What is needed -
The answer is the data repeated in full, with no pictures included.

[Data below]

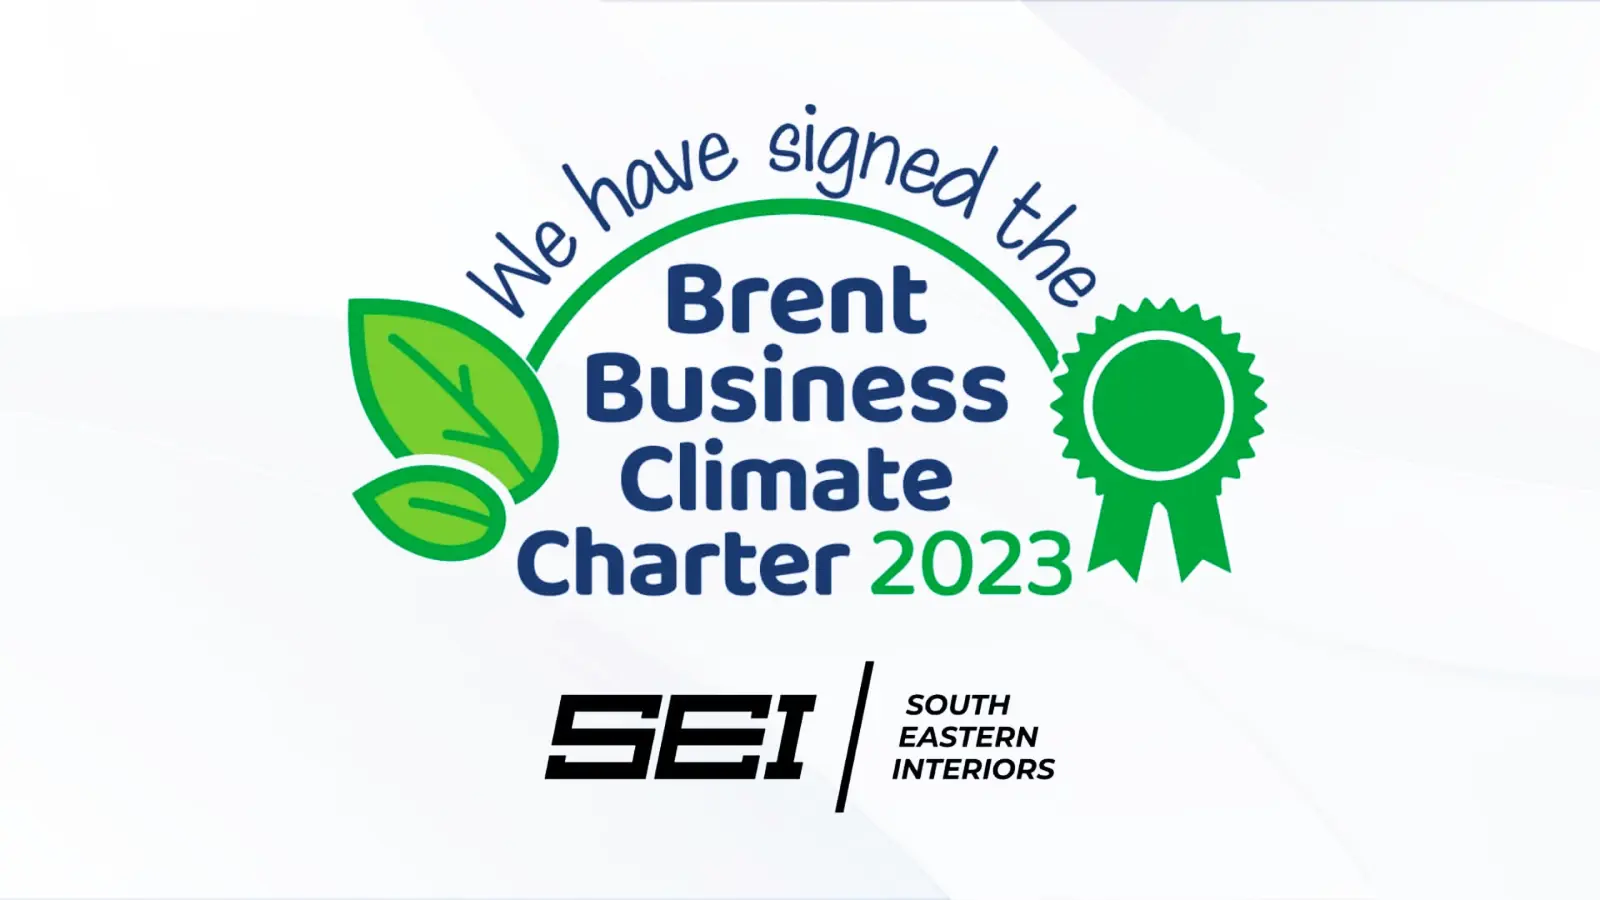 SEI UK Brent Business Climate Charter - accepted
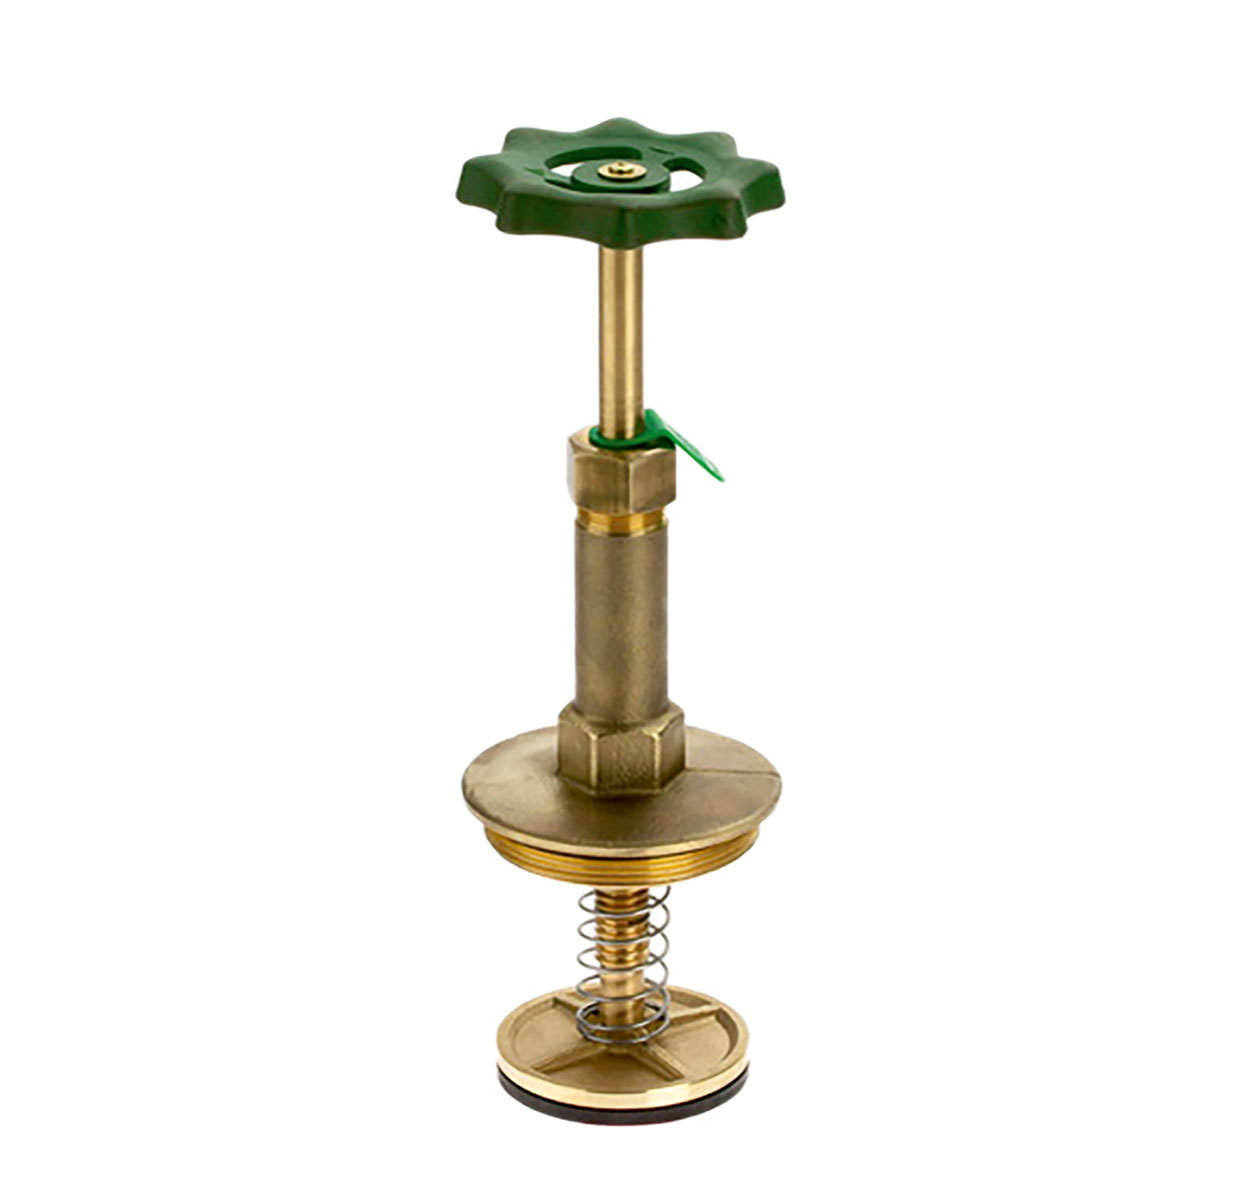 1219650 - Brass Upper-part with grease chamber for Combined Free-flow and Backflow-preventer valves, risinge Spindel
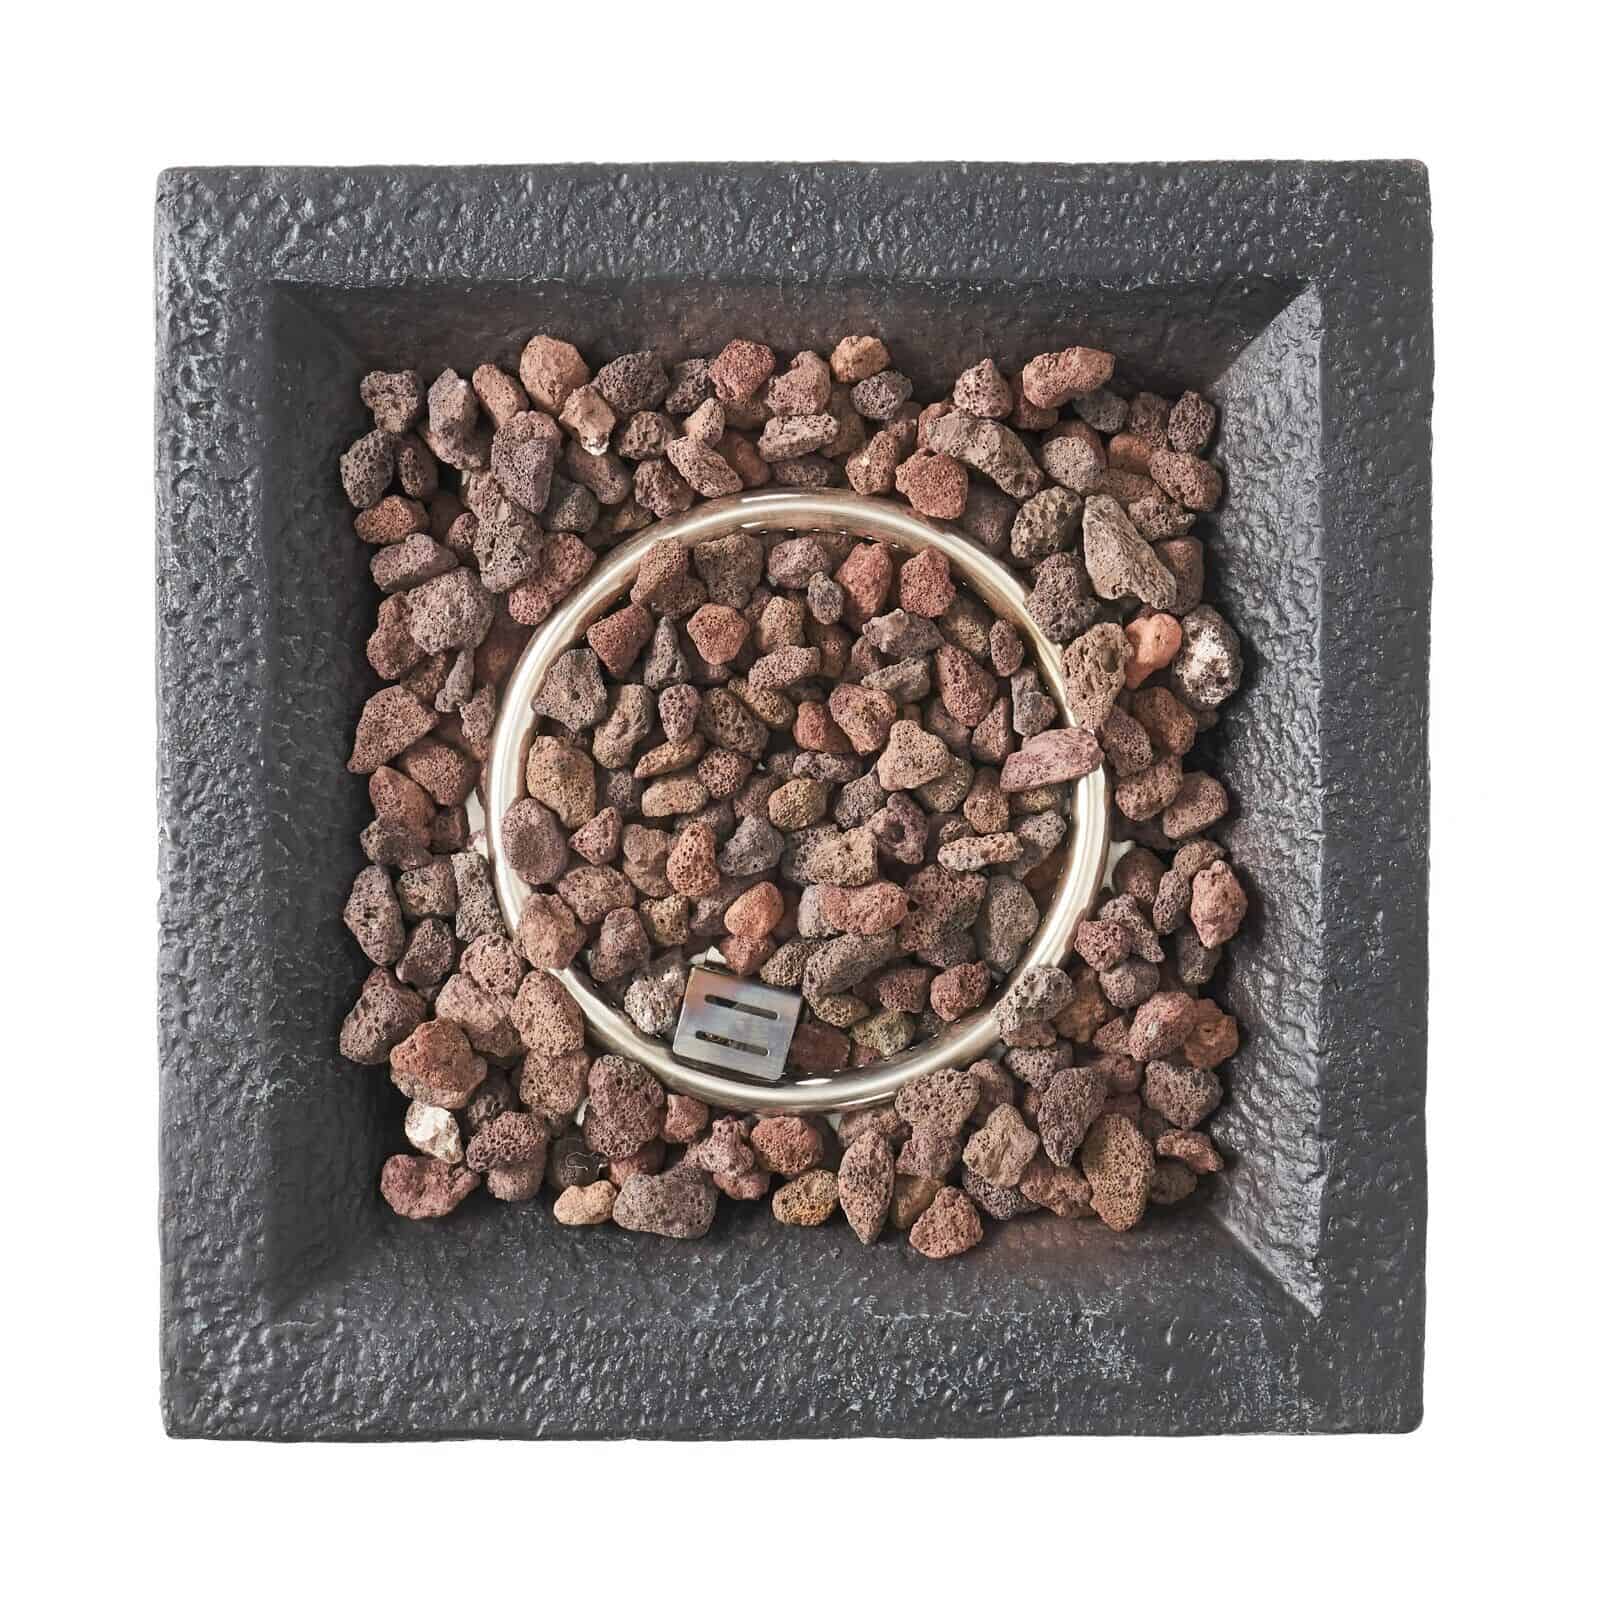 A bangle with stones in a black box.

[/Data below]

Finished task -
 SEI UK Brent Business Climate Charter - accepted
 1219650 - Brass Upper-part with grease chamber for Combined Free-flow and Backflow-preventer valves, risinge Spindel
 A bangle with stones in a black box.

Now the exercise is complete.